Your task: As you reproduce every line below, keep it exactly as written and leave out the images.

Top of Dataset section

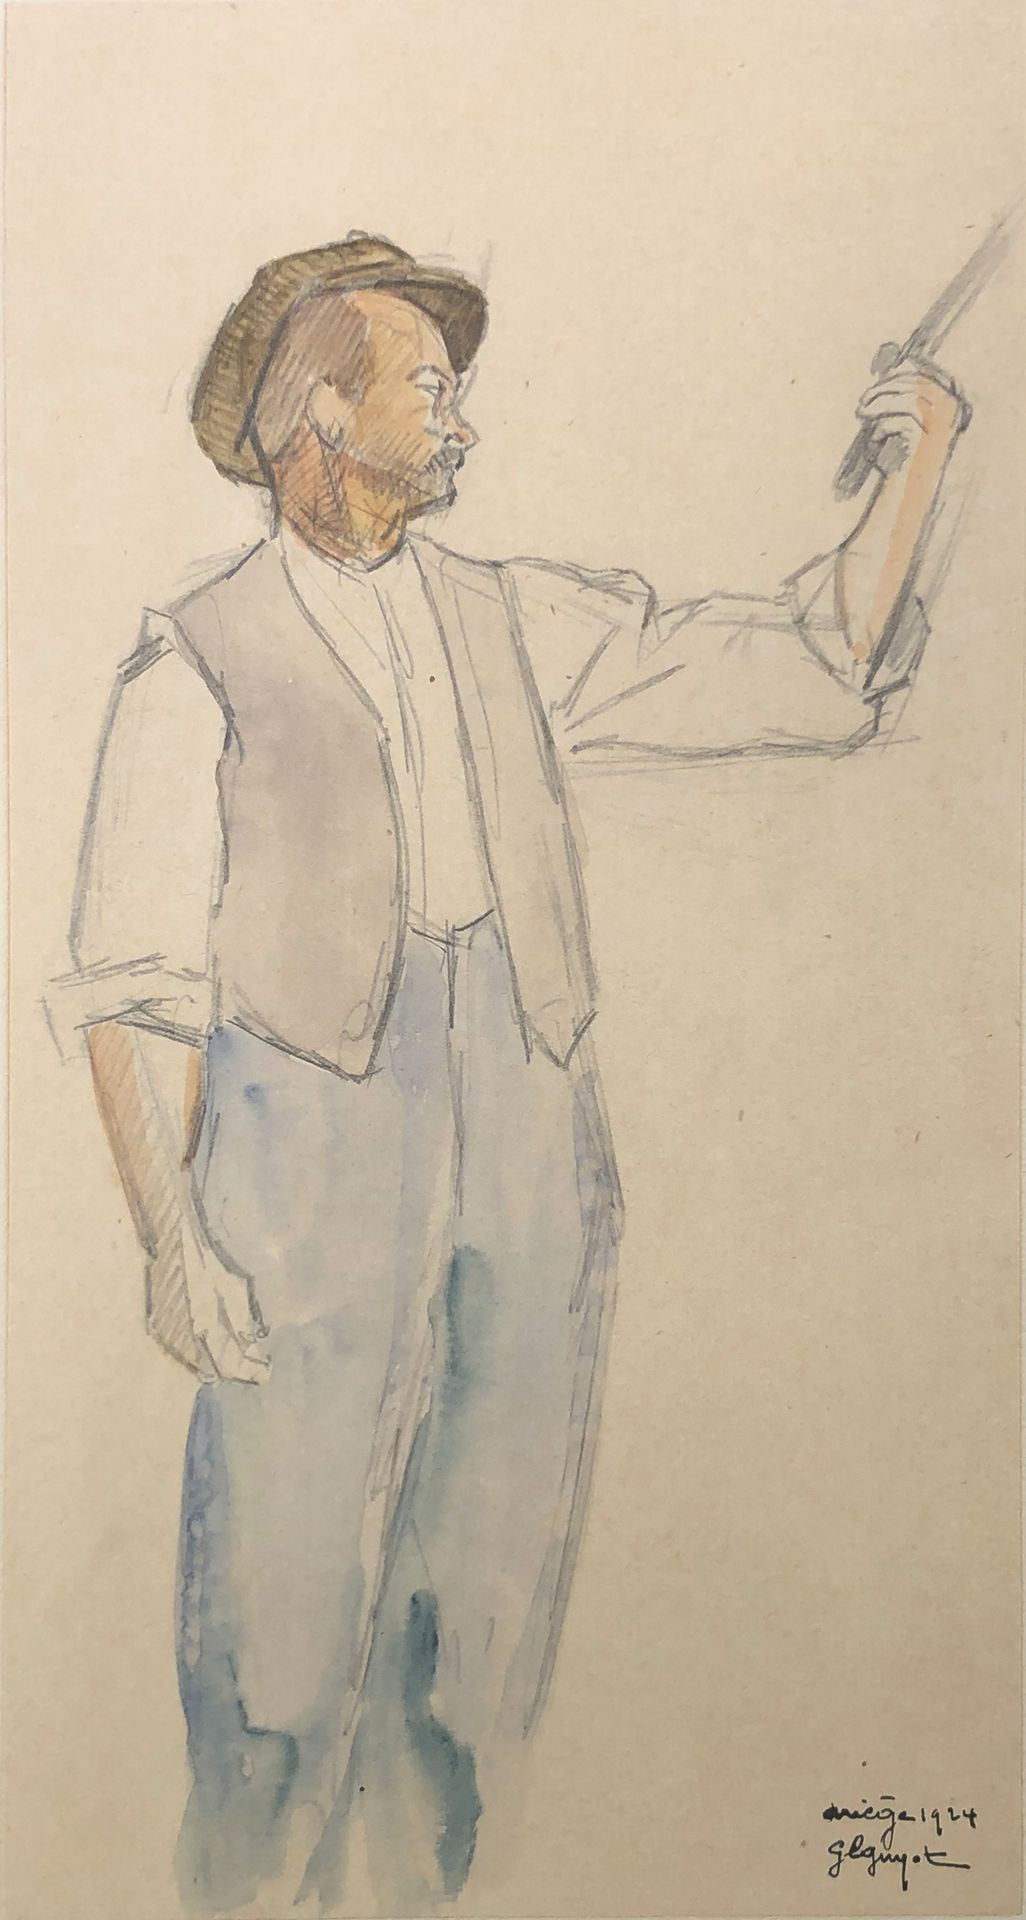 Null 乔治-卢西恩-古约(1885-1973)

摸牛人》，1924年。

石墨和水彩画，右下方有签名、日期和位置。 

30 x 16 cm

Bottom of Dataset section

Result of the task:
 Null 乔治-卢西恩-古约(1885-1973)

摸牛人》，1924年。

石墨和水彩画，右下方有签名、日期和位置。 

30 x 16 cm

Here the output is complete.